Sapacitabine (also known as CYC-682) is an orally bioavailable 2′-deoxycytidine analog that is in clinical trials for hematologic malignancies and solid tumors. Sapacitabine is primarily metabolized by plasma, gut and liver amidases into the active metabolite CNDAC. This metabolite is subsequently transported inside cells and then phosphorylated by deoxycytidine kinase (dCK) into CNDAC triphosphate before being incorporated into cellular DNA. Sapacitabine participated in phase III clinical in older patients with acute myeloid leukemia (AML); however, it failed to meet its primary endpoint of the statistically significant improvement in overall survival (OS). The drug has been also involved in phase II clinical trials for the treatment of patients with myelodysplastic syndromes, cutaneous T-cell lymphoma, and non-small cell lung cancer. In addition, in combination with olaparib the drug was studied in phase I/II trial as a possible treatment for breast cancer with a BRCA mutation. On July 1, 2010, Cyclacel Pharmaceuticals announced that the U.S. Food and Drug Administration (FDA) has granted orphan drug designation to the company’s sapacitabine for the treatment of both acute myeloid leukemia (AML) and myelodysplastic syndromes (MDS).
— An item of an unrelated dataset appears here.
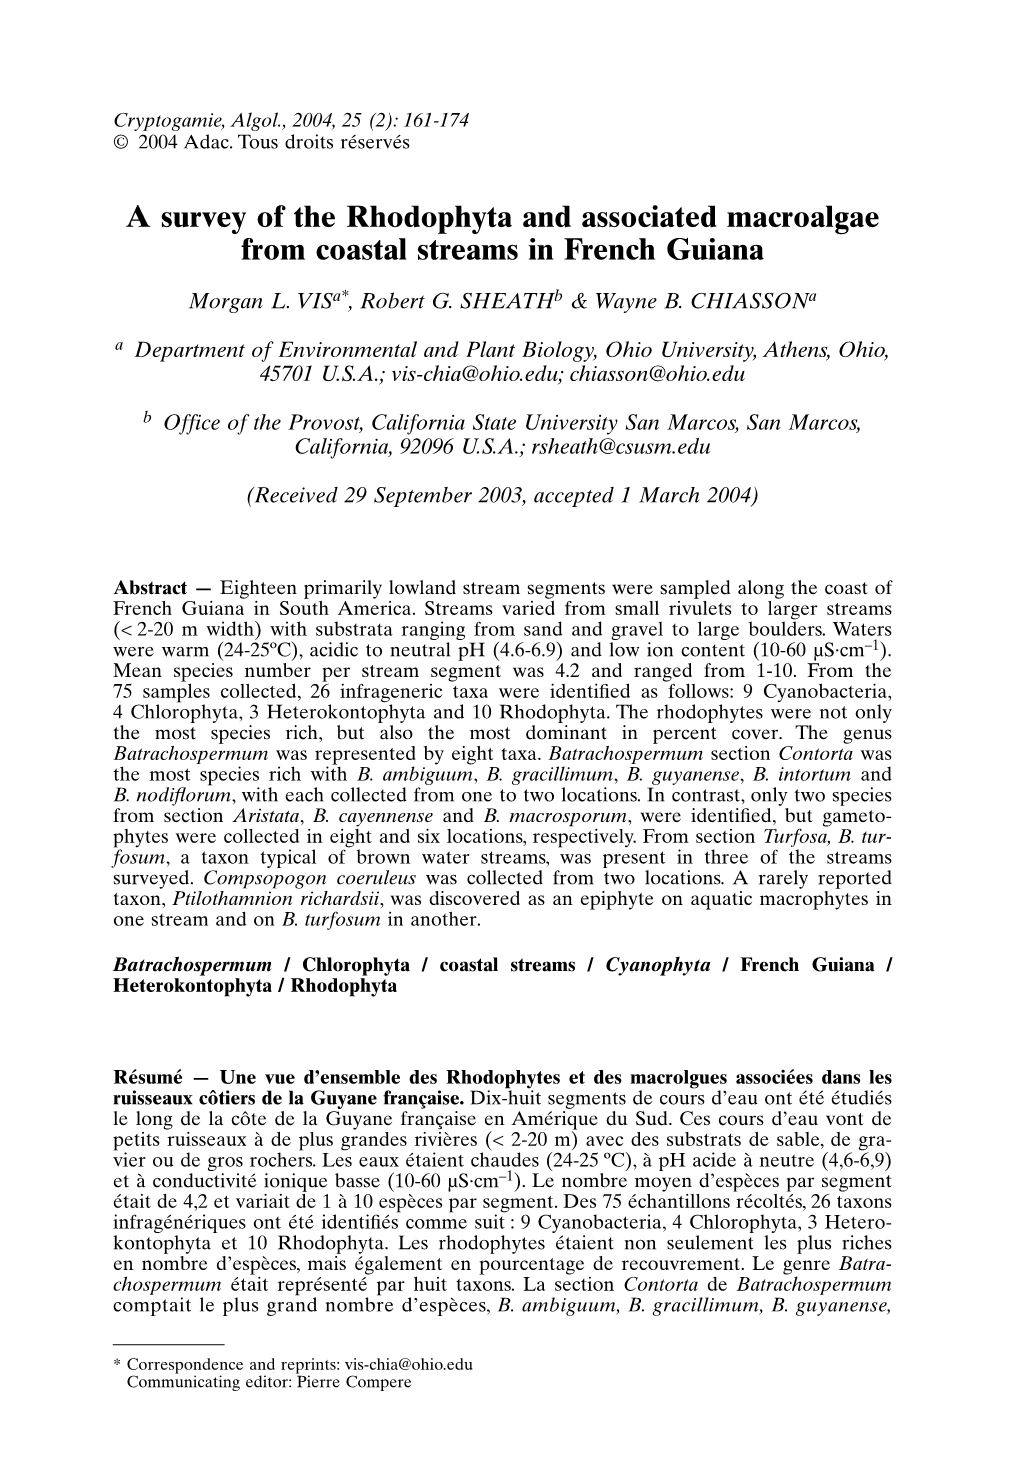 A Survey of the Rhodophyta and Associated Macroalgae from Coastal Streams in French Guiana

Tesevatinib (EXEL-7647 or XL647) was optimized as an inhibitor of a spectrum of growth-promoting and angiogenic receptor tyrosine kinases (RTKs) to simultaneously block tumor growth and vascularization. In particular, Tesevatinib potently inhibits the EGF/ErbB2, VEGF, and ephrin RTK families. The drug is being developed by Kadmon Corporation under licence from Symphony Evolution (Symphony Capital Partners). Kadmon is developing tesevatinib for the treatment of autosomal polycystic kidney disease and solid cancers.

Icometasone (CL09) is a synthetic glucocorticoid corticosteroid. It is a metabolite of Mometasone Furoate. The binding on human serum albumin was shown to be non saturable, suggesting that other proteins were involved in CL09 binding. This binding was demonstrated to be reversible. CL09 was extensively metabolized since no unchanged CL09 was recovered in bile or urine and at least nine metabolites have been detected. It was studied in Europe as an anti-asthmatic agent but investigation is discontinued.
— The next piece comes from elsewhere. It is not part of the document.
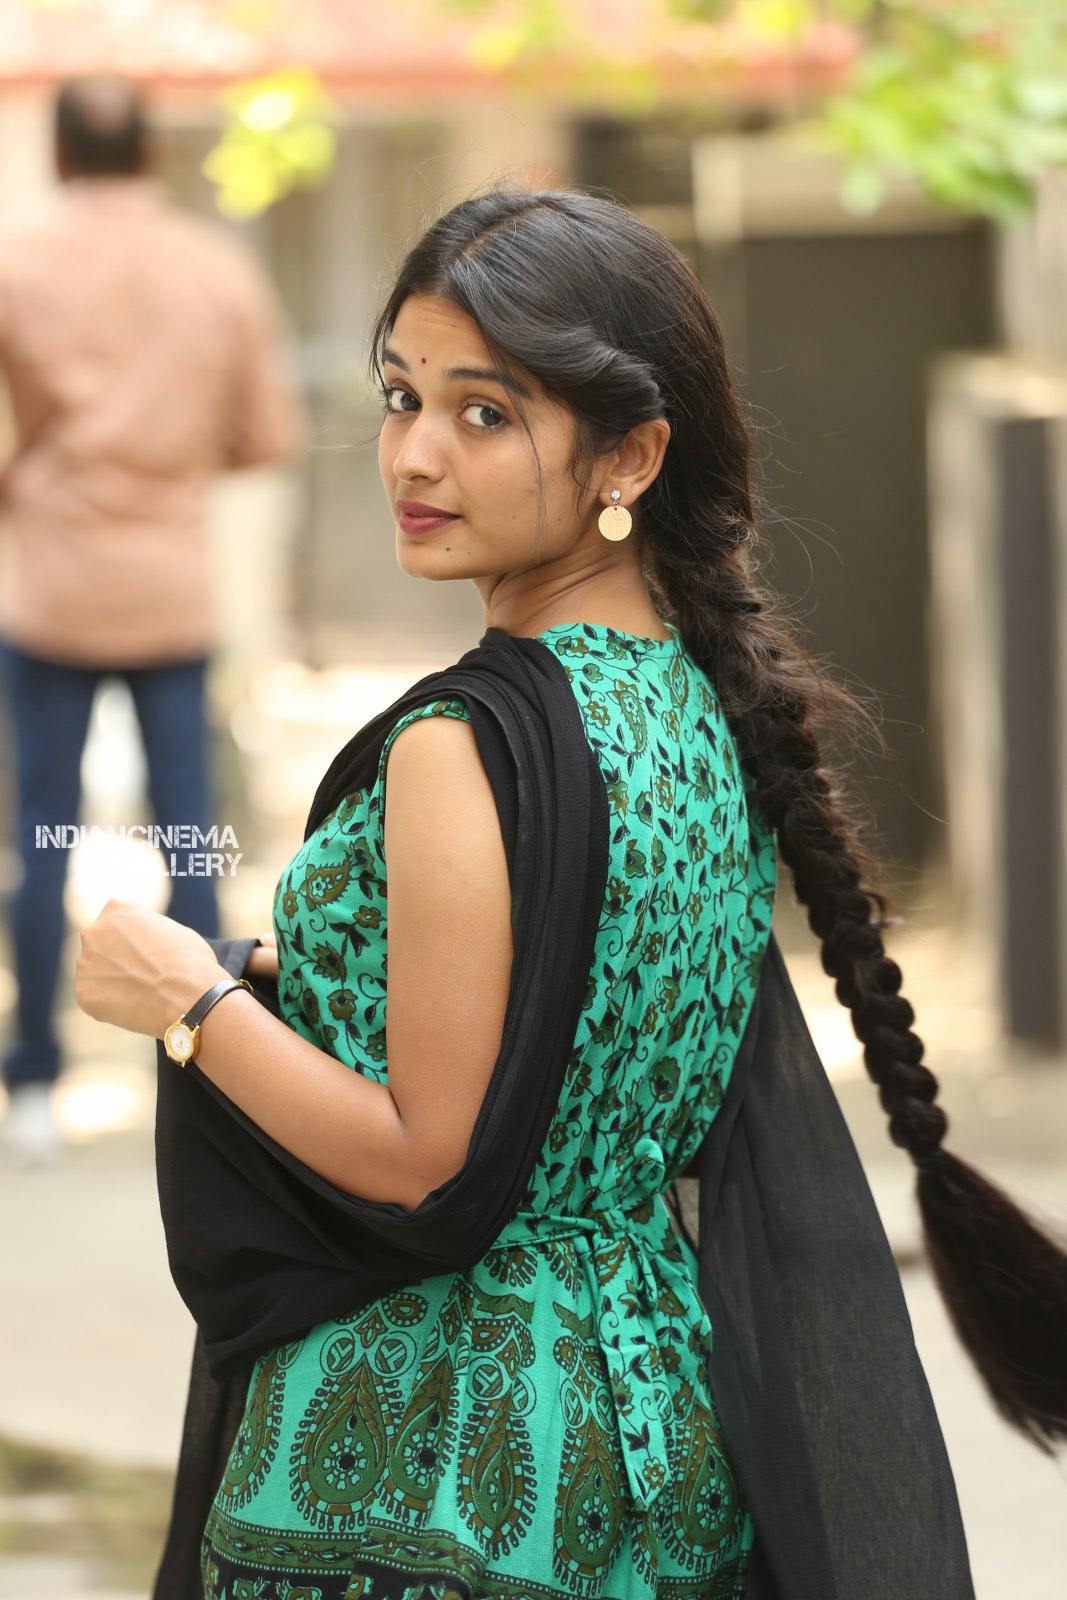 Priyanka-jain-photos-in-green-dress-14.j

Puerarin (7, 4’-dihydroxyisolavone-8-β-glucopyranoside) is an active isoflavone extracted from the roots of Pueraria lobata (Willd.) Ohwi. Puerarin is widely used in traditional Chinese medicine, and is clinically used in China for the treatment of coronary artery disease, heart failure, hypertension and myocardial infarction. It has been reported that puerarin had therapeutic effects on diabetes mellitus, arteriosclerosis and myocardial ischemia in animals. Puerarin demonstrated beta-adrenergic receptor blocking effect. On the other hand, puerarin stimulated alpha1-adrenoreceptor to increase glucose uptake into cultured C2C12 cells of mice. Puerarin has been investigated for the treatment (phase II clinical trials) of Alcohol Abuse, Rheumatoid Arthritis and Hypertension.
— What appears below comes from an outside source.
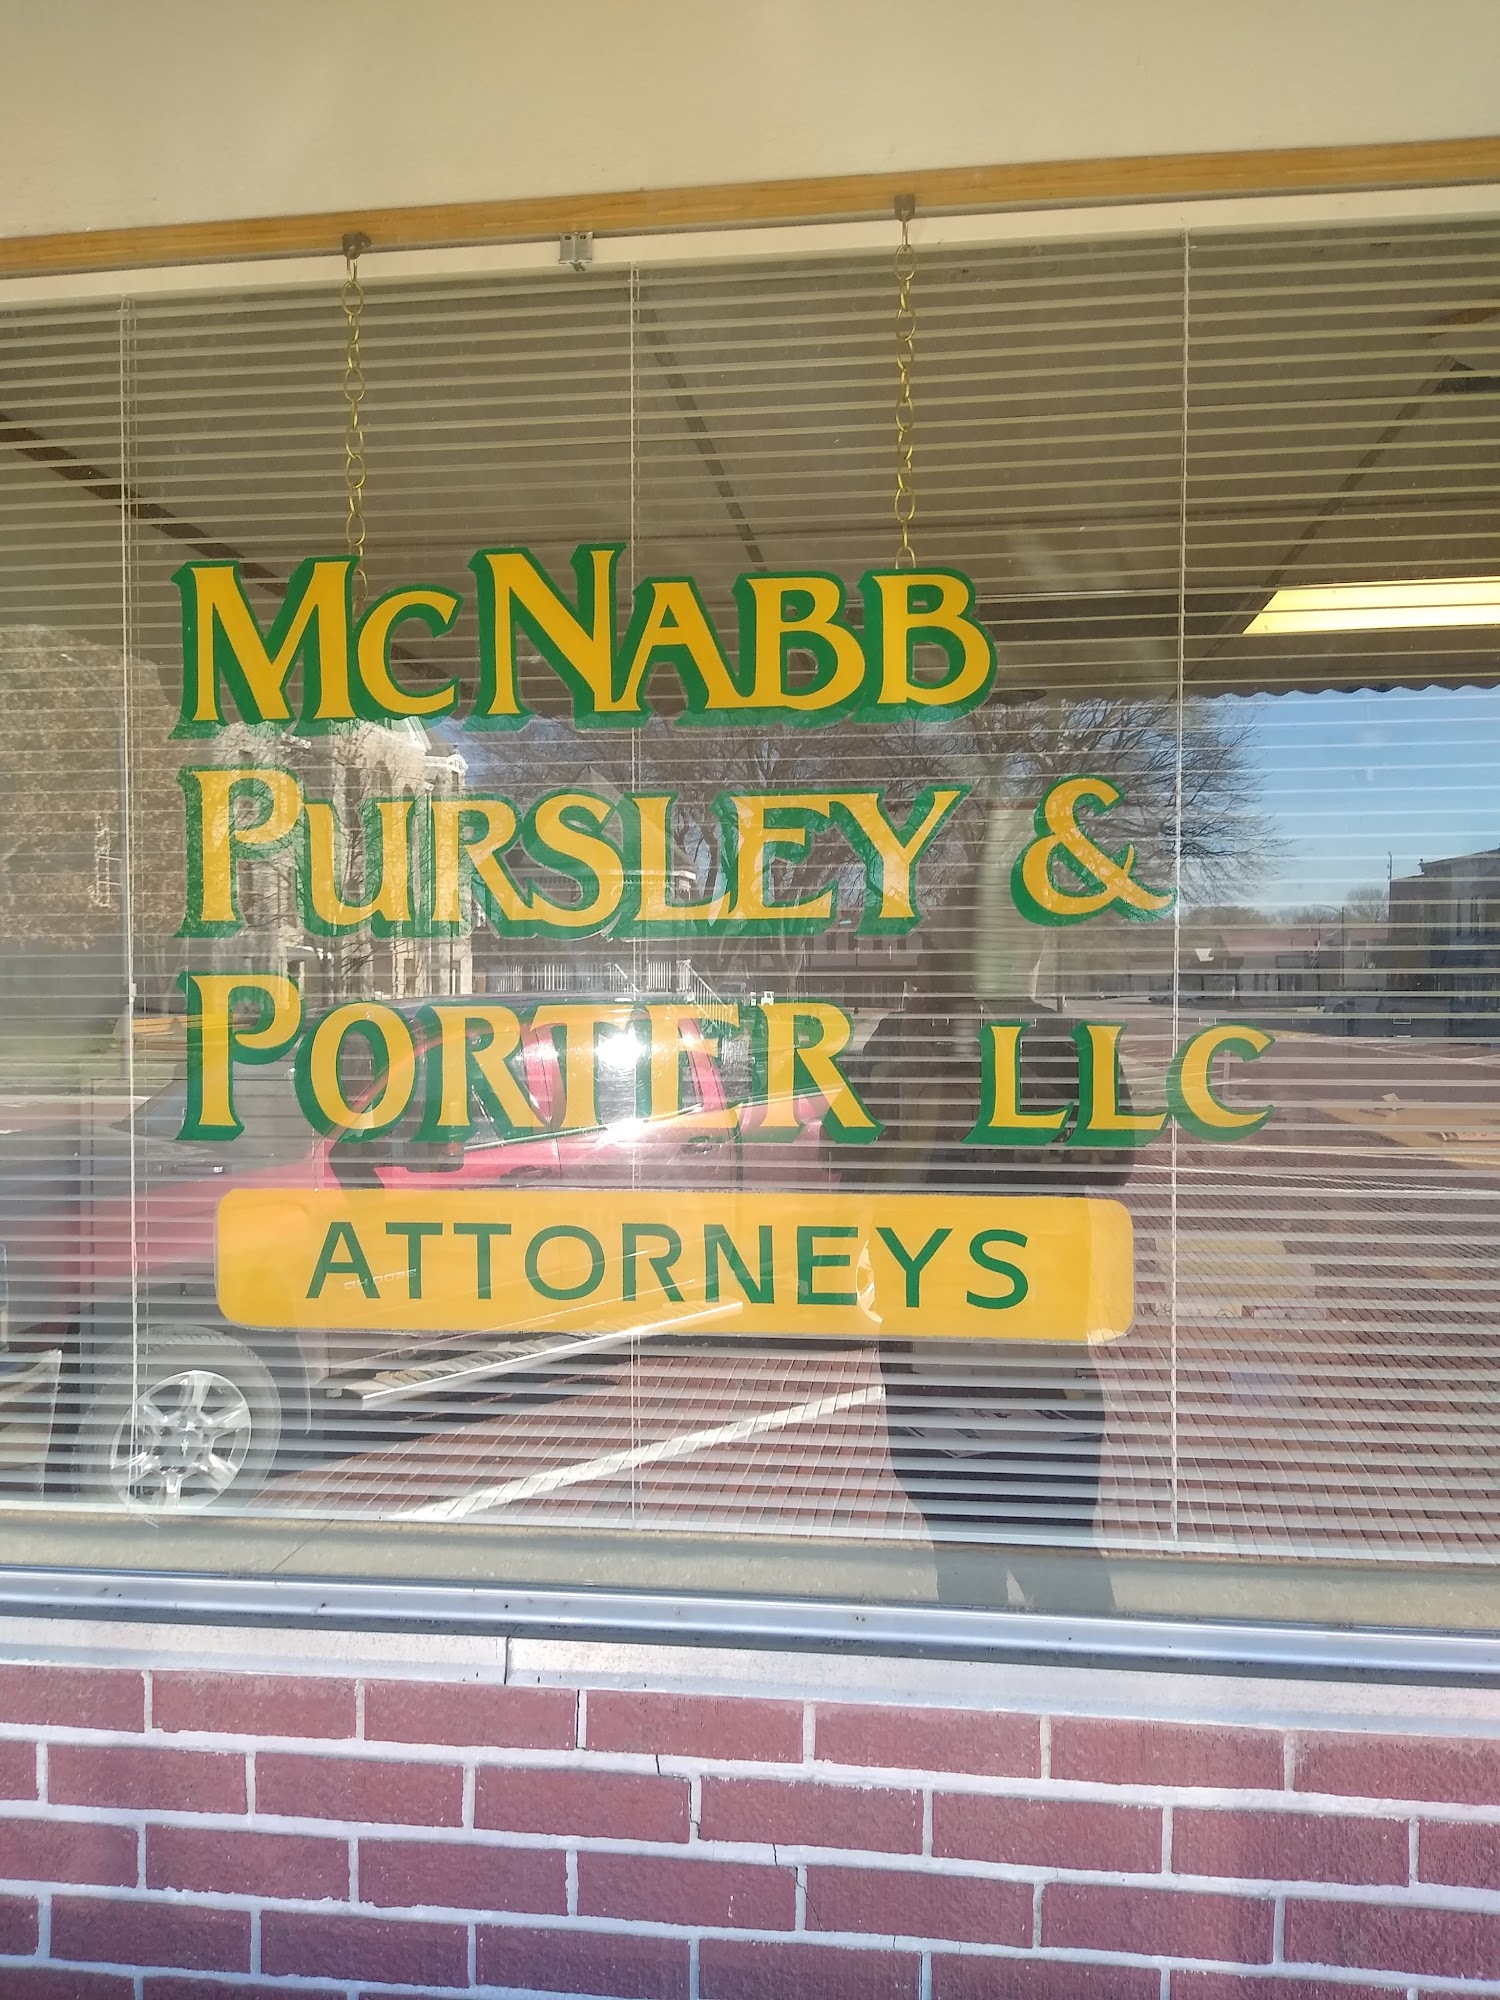 Mc Nabb Pursley & Porter, LLC 1 N Main St, Butler Missouri 64730

Gemcitabine elaidate is an ester of anticancer drug gemcitabine and elaidic fatty acid. The motivation to make an ester was to facilitate gemcitabine uptake and prolong retention in the cell. The drug is converted to parent compound gemcitabine both inside and outside the cell. Gemcitabine elaidate was developed by Clavis Pharma for treatment of solid tumors, including non-small cell lung cancer and pancreatic cancer, but its development was discontinued after product missed the primary endpoint in the Phase II LEAP trial to treat metastatic pancreatic cancer.

Galeterone (TOK-001, formerly called VN/124-1) is a potent anti-androgen with three modes of action. The compound acts as a specific androgen receptor antagonist, inhibits CYP17 lyase while conserving CYP17 hydroxylase function, and decreases overall androgen receptor levels in prostate cancer cells. Galeterone is a first in class, multi-targeted small-molecule drug that disrupts the growth and survival of prostate cancer cells. Tokai Pharmaceuticals is developing galeterone as an oral treatment for castration-resistant prostate cancer. Phase III clinical development of galeterone is underway in the US, Canada, Australia, Western Europe, Spain and the United Kingdom.